Assessing the Significance of Directed and Multivariate Measures of Linear Dependence Between Time Series

March 09, 2020 · Declared Dead · 🏛 arXiv.org

"No code URL or promise found in abstract"

Evidence collected by the PWNC Scanner

Authors Oliver M. Cliff, Leonardo Novelli, Ben D. Fulcher, James M. Shine, Joseph T. Lizier arXiv ID 2003.03887 Category stat.ME Cross-listed cs.IT, math.ST, physics.data-an, q-bio.NC, stat.AP Citations 11 Venue arXiv.org Last Checked 1 month ago

Abstract

Inferring linear dependence between time series is central to our understanding of natural and artificial systems. Unfortunately, the hypothesis tests that are used to determine statistically significant directed or multivariate relationships from time-series data often yield spurious associations (Type I errors) or omit causal relationships (Type II errors). This is due to the autocorrelation present in the analysed time series -- a property that is ubiquitous across diverse applications, from brain dynamics to climate change. Here we show that, for limited data, this issue cannot be mediated by fitting a time-series model alone (e.g., in Granger causality or prewhitening approaches), and instead that the degrees of freedom in statistical tests should be altered to account for the effective sample size induced by cross-correlations in the observations. This insight enabled us to derive modified hypothesis tests for any multivariate correlation-based measures of linear dependence between covariance-stationary time series, including Granger causality and mutual information with Gaussian marginals. We use both numerical simulations (generated by autoregressive models and digital filtering) as well as recorded fMRI-neuroimaging data to show that our tests are unbiased for a variety of stationary time series.
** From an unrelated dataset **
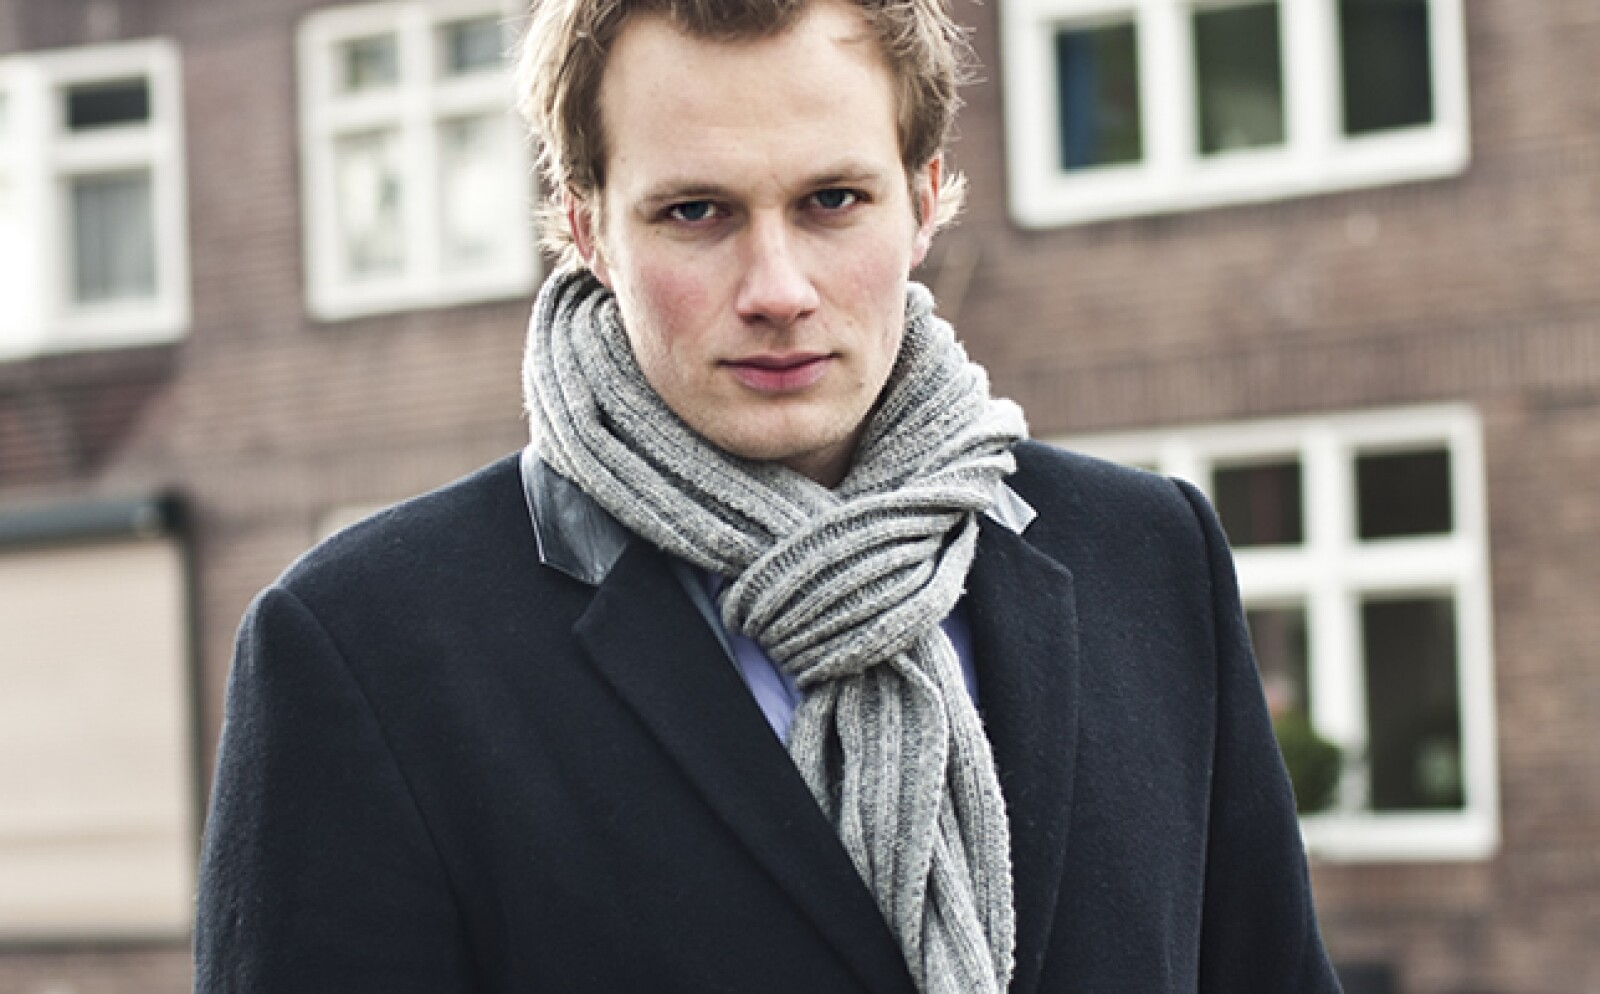 La bufanda dejó de ser solo una prenda para cubrirte del frío, transfórmala en el accesorio que le de un toque de estilo a tu atuendo ejecutivo. Sigue estos pasos:

Our experiments demonstrate that the commonly used $F$- and $χ^2$-tests can induce significant false-positive rates of up to $100\%$ for both measures, with and without prewhitening of the signals. These findings suggest that many dependencies reported in the scientific literature may have been, and may continue to be, spuriously reported or missed if modified hypothesis tests are not used when analysing time series.